- Poster
- Directed by: Radha Mohan
- Written by: Viji (dialogues)
- Screenplay by: Radha Mohan
- Based on: Godhi Banna Sadharana Mykattu
- Produced by: Kalaipuli S. Thanu
- Starring: Vikram Prabhu Prakash Raj Samuthirakani Indhuja Ravichandran
- Cinematography: Manush Nandan
- Edited by: T. S. Jay
- Music by: Ilaiyaraaja
- Production company: V Creations
- Release date: 31 August 2018;
- Running time: 136 minutes
- Country: India
- Language: Tamil

= 60 Vayadu Maaniram =

2018 Tamil film by Radha Mohan

60 Vayadu Maaniram (/ta/; ) is a 2018 Indian Tamil-language drama film co-written and directed by Radha Mohan. This movie is the remake of 2016 Kannada box office hit film Godhi Banna Sadharana Mykattu. The film stars Vikram Prabhu, Prakash Raj, Samuthirakani and Indhuja Ravichandran in main lead roles. It was produced by distributor Kalaipuli S. Thanu under his production company V Creations.

The film's score and soundtrack are scored by Ilaiyaraaja. The film's cinematography is handled by Manush Nandan while editing is handled by T.S.Jay. The art direction of the film is handled by K. Kathir.

==Plot==
Govindarajan (Prakash Raj), a 60-year-old man, has Alzheimer's disease. One day, he suddenly goes missing. His son Shiva (Vikram Prabhu), who is worried by his father's disappearance, embarks on a search with a female doctor named Archana (Indhuja Ravichandran) and during the search they fall in love with each other. Govindarajan gets entangled with Ranga (Samuthirakani), a criminal who has committed a murder. The rest of the film involves whether Shiva finds his father or not.

== Cast ==

- Vikram Prabhu as Shiva Govindarajan
- Prakash Raj as Govindarajan
- Samuthirakani as Ranga
- Indhuja Ravichandran as Dr. Archana
- Bharath Reddy as ACP Badrinath IPS (Badri)
- Elango Kumaravel as Rajappan
- Jangiri Madhumitha as Janaki Rajappan (Jaanu)
- Mohan Raman as Balachandran (Balu)
- Meena Vemuri as Archana's mother
- Daddy Saravanan as Inspector S. Thangaraj
- Raghavan as S.I. Raghunath
- Radha Ramakrishnan as Maria
- Ramesh V as Johnny
- Sarath as Kaasi
- Aroul D. Shankar as Guna
- Anu Krishna as Madhavi

== Production ==
Prakash Raj purchased the rights to remake the 2016 Kannada box office hit film Godhi Banna Sadharana Mykattu in Tamil, Telugu. and Hindi.

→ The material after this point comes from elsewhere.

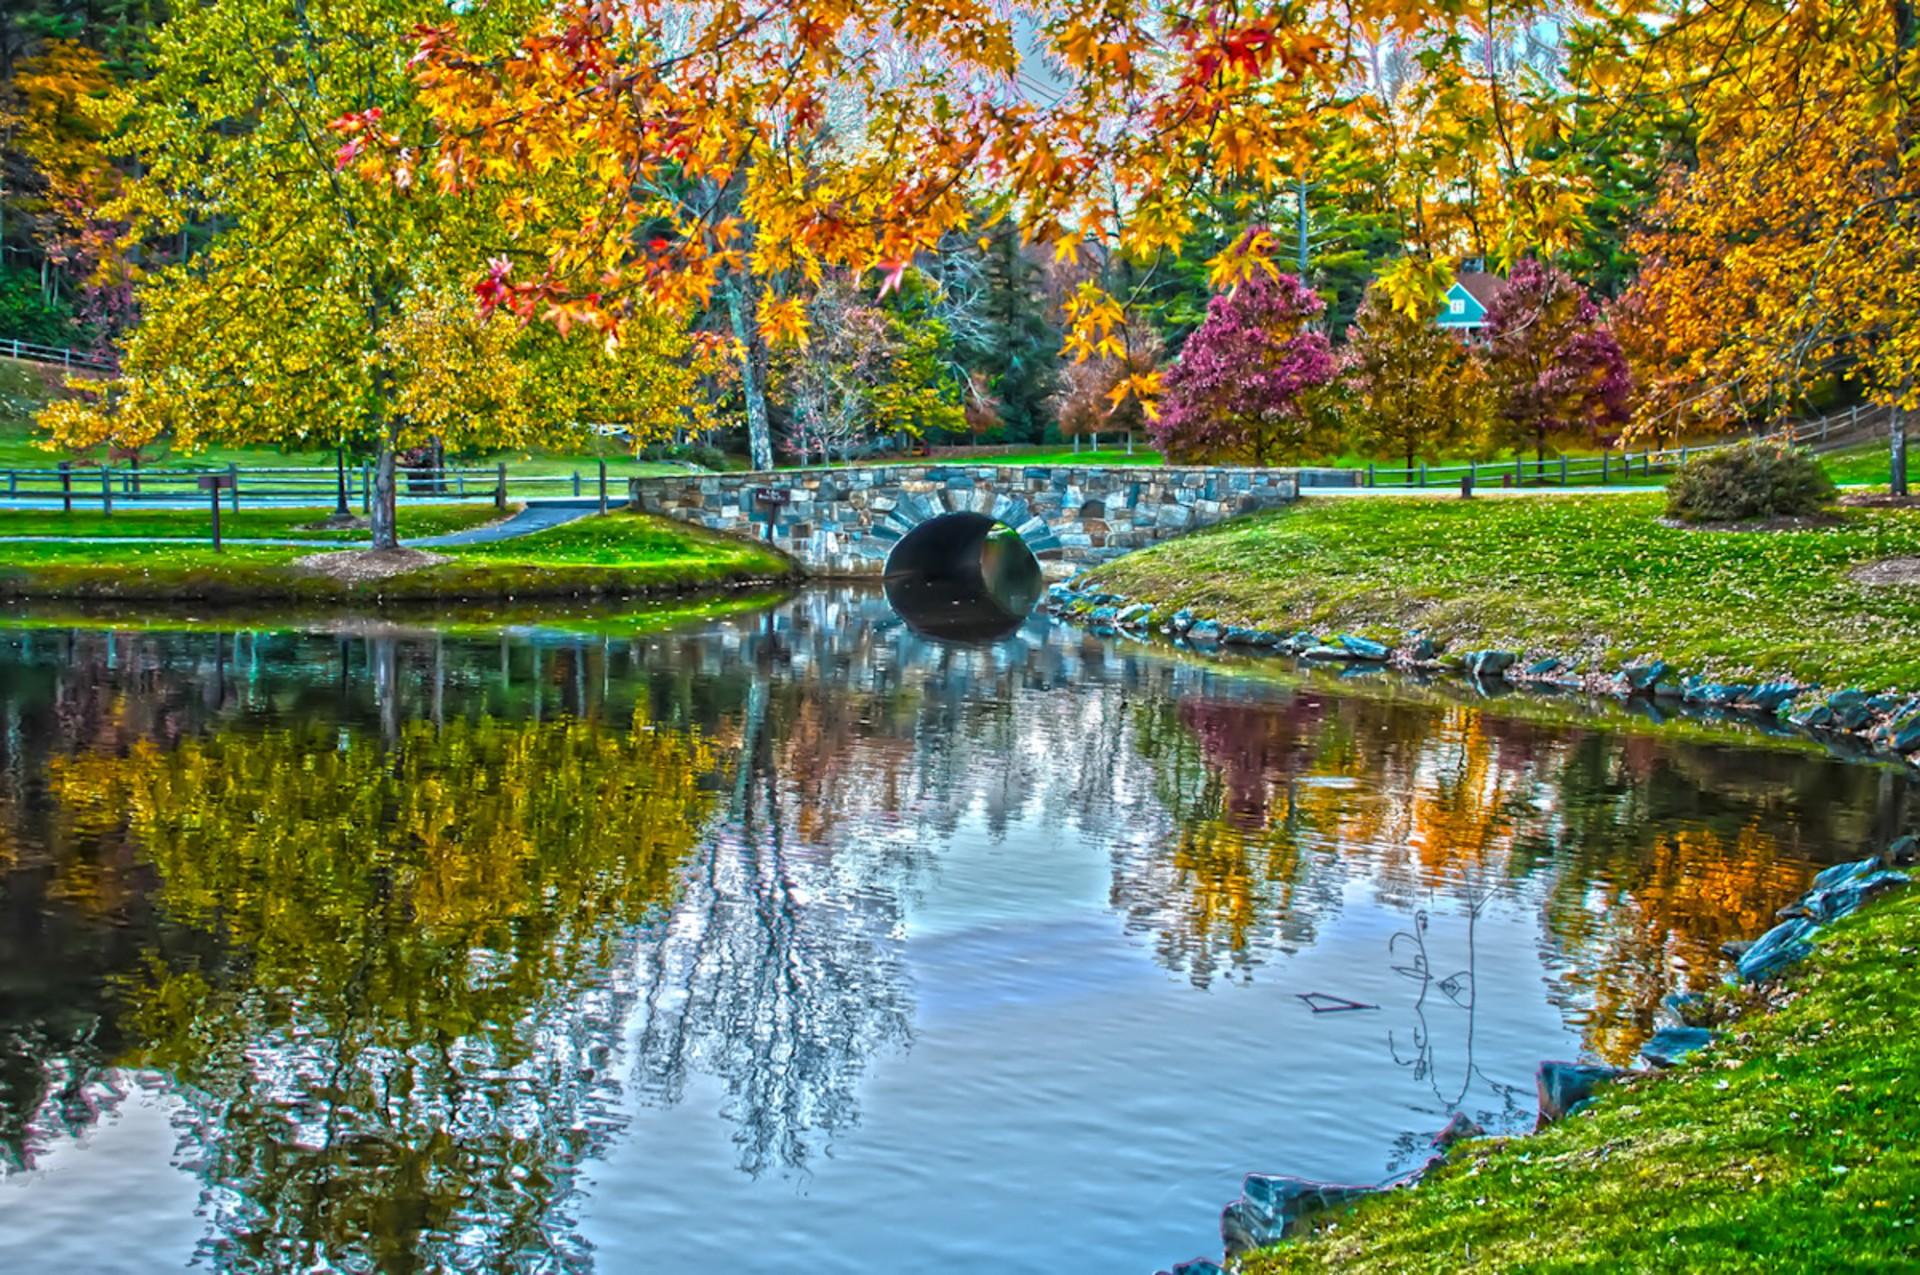 Fall Season Desktop Wallpaper Autumn Lake Reflections Free Stock Photo Public Domain

The production venture of the film commenced in late 2016 which also marked the first remake film in Radha Mohan's filmography.

The official trailer of the film was released on 14 August 2018 and received positive reviews from the audience.

== Soundtrack ==

The background music for the film was composed by Ilaiyaraaja, while the lyrics were penned by Pa. Vijay, Palani Bharathi and Vivek.

| No. | Song | Singers | Lyrics |
| 1 | "Iraivinai Thedi" | Ilaiyaraaja | Pa. Vijay |
| 2 | "Thedi Thedi" | Benny Dayal, Vibhavari | Palani Bharathi |
| 3 | "Naalum Naalum I" | Monali Thakur | Vivek |
| 4 | "Naalum Naalum II" | Benny Dayal, Monali Thakur |

==Reception==
Times of India wrote "The movie appeals to those who haven't watched the original version or love watching stories on beautiful bonding". Firstpost wrote "On the whole 60 Vayathu Maaniram is refreshingly fresh and likeable for its characters." Behindwoods wrote "With interesting writing for Samuthirakani's portions and an engaging screenplay, 60 Vayadu Maaniram could have looked a lot more complete." India Today called it "Average drama with overdose of emotions". Deccan Chronicle wrote it "is a neatly self-contained film that achieves what it set out to through delicate acting, nuanced cinematography, and serene music".

==Home media==
In 2023, the satellite rights of the film was sold to Colors Tamil. This movie was premiered on February 5, 2023 at 2 p.m.